In a standard inverting amplifier built with an op amp, the gain equals the negative ratio of the feedback resistor to the input resistor: gain = −Rf / Rin. If the feedback resistor is 10 kΩ and the input resistor is 1 kΩ, the gain is −10. The output is ten times larger than the input and inverted. A non-inverting configuration uses a slightly different formula: gain = 1 + (Rf / Rin). With the same resistor values, that gives a gain of +11, and the output stays in phase with the input.
What Determines Gain in a Transistor Amplifier
In a common-emitter transistor amplifier, one of the most widely used building blocks in analog electronics, the voltage gain depends on the ratio of the resistance in the output (collector) side to the resistance in the input (emitter) side. The simplified formula is: gain = −RL / RE, where RL is the collector resistor and RE is the emitter resistor.
There’s a subtlety here. The transistor itself has a small internal resistance at the emitter, roughly equal to 25 millivolts divided by the current flowing through it. At low signal frequencies, the external emitter resistor dominates, and gain stays modest. In one textbook example, the gain works out to about 5. But at high frequencies, a capacitor placed across the emitter resistor effectively shorts it out, leaving only the transistor’s tiny internal resistance. That pushes the gain up dramatically, to around 218 in the same example. One useful fact: the voltage gain of this circuit depends only on the resistor values, not on the transistor’s current amplification factor.
Cascading Multiple Stages
When you connect amplifier stages in series, the total voltage gain is the product of each individual stage’s gain. If the first stage has a gain of 10 and the second has a gain of 5, the overall gain is 50. In decibels, you simply add: 20 dB + 14 dB = 34 dB.
Real designs use cascading strategically. A common approach pairs a high-gain stage with a buffer stage that has a gain near 1. The first stage does the heavy lifting (amplifying a 100 mV input to about 1 V, for example), while the buffer provides a low-impedance output without adding further amplification. This combination gives you both the voltage boost you need and a clean, stable output that can drive the next part of your circuit.
The Gain-Bandwidth Trade-Off
Voltage gain doesn’t stay constant across all frequencies. In op amps, the open-loop gain is enormous at low frequencies but drops steadily as frequency increases, falling by half every time the frequency doubles (6 dB per octave). This creates a fixed relationship called the gain-bandwidth product (GBW): if you multiply the gain at any frequency by that frequency, you get the same constant.
For an op amp with a GBW of 1 MHz, you can have a gain of 10 with a bandwidth of 100 kHz, or a gain of 50 with a bandwidth of only 20 kHz, or a gain of 1 with the full 1 MHz bandwidth.
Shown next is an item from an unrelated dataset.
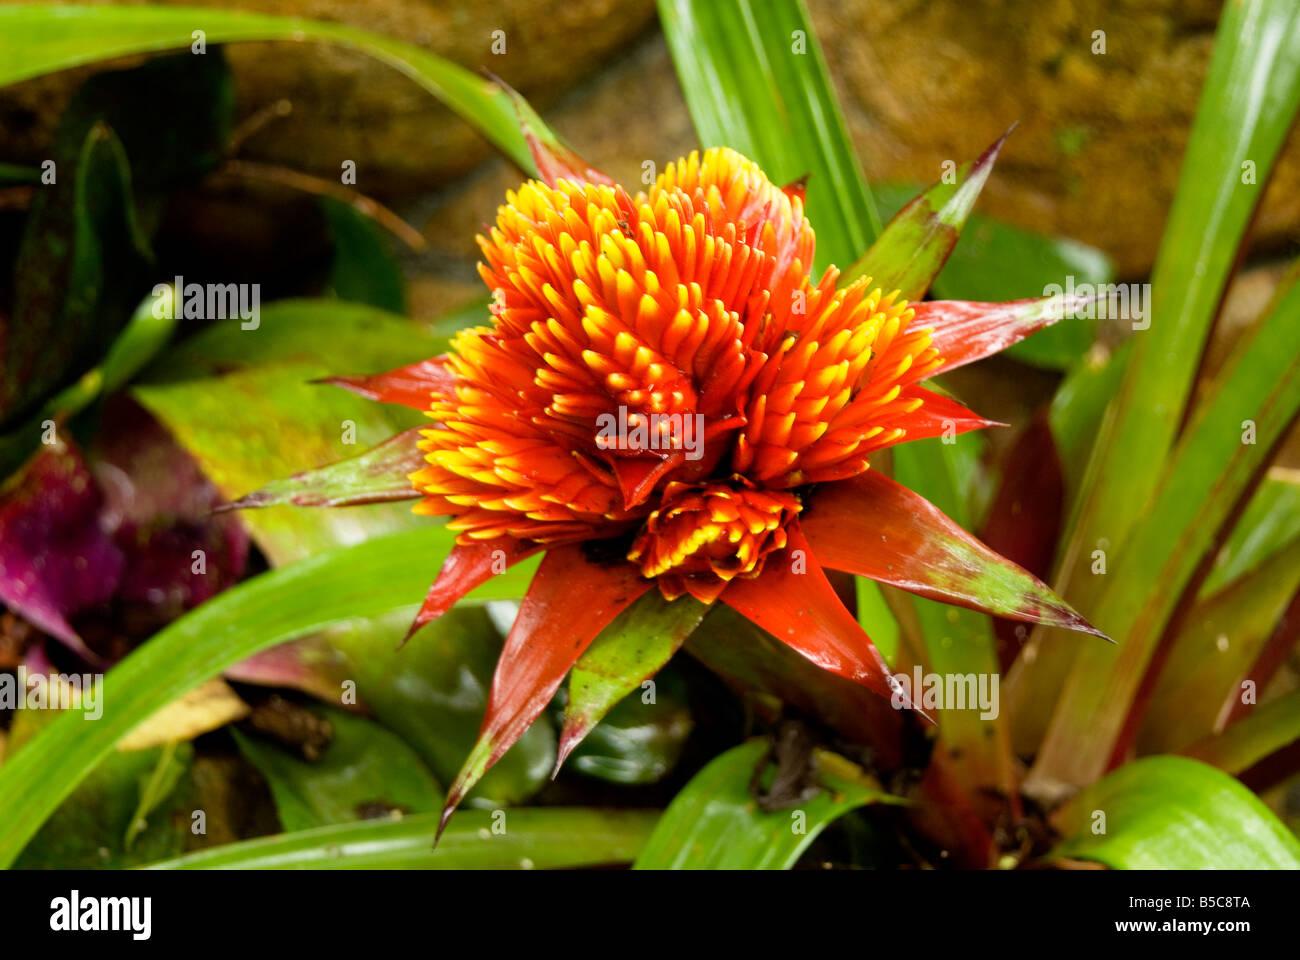 Una Exotica Flor Roja Es Capturada En El Tiempo Las Flores Y Las

You can’t have both high gain and wide bandwidth from a single device. If your application needs a gain of 10 across 100 kHz, you need an op amp rated for at least 1 MHz GBW. This trade-off is one of the first things engineers check when selecting an amplifier for a design.
How Loading Affects Gain
The voltage gain you calculate on paper assumes ideal conditions. In practice, connecting a load to an amplifier’s output (or even connecting a measurement instrument) introduces additional resistance that can pull the output voltage down. This is called the loading effect. If your amplifier’s output impedance is high relative to the load’s impedance, a significant portion of the signal is lost across the amplifier’s own output resistance rather than reaching the load.
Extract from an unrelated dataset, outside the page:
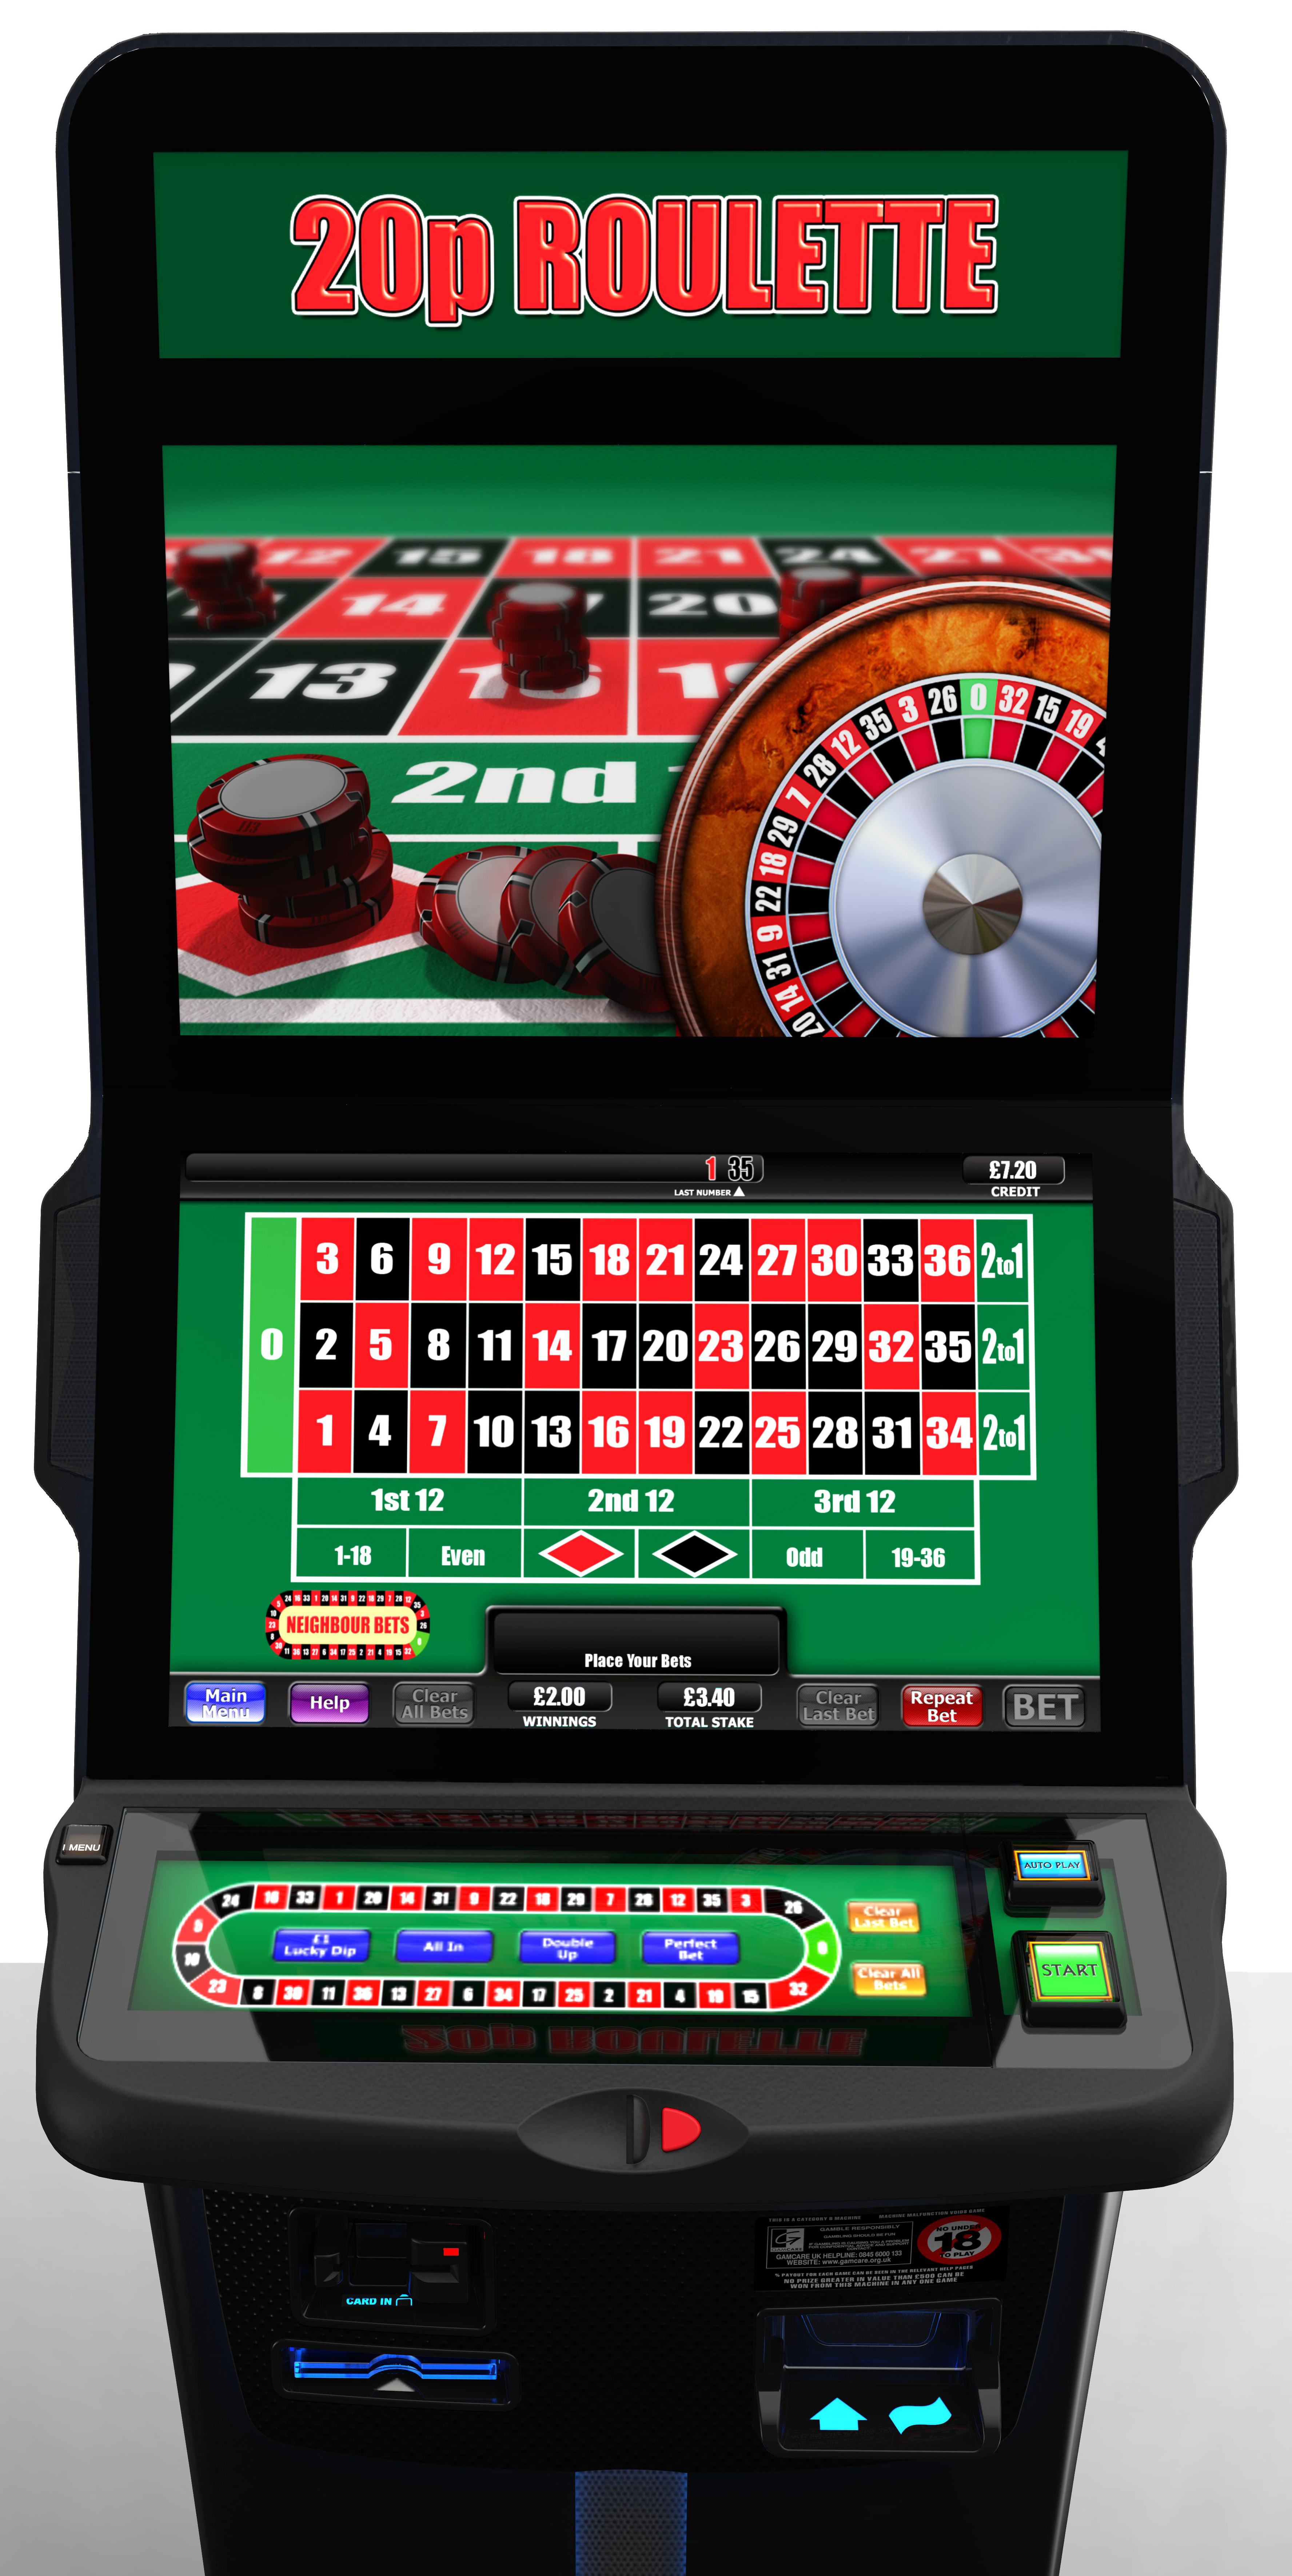 Ifc gambling

The same thing happens at the input. If the circuit driving the amplifier has high output impedance and the amplifier’s input impedance is too low, the input signal gets attenuated before it even reaches the amplifier. Matching impedances properly is essential for the amplifier to deliver its expected gain. This is why buffer stages with high input impedance and low output impedance are so common: they act as intermediaries that prevent one stage from dragging down the performance of another.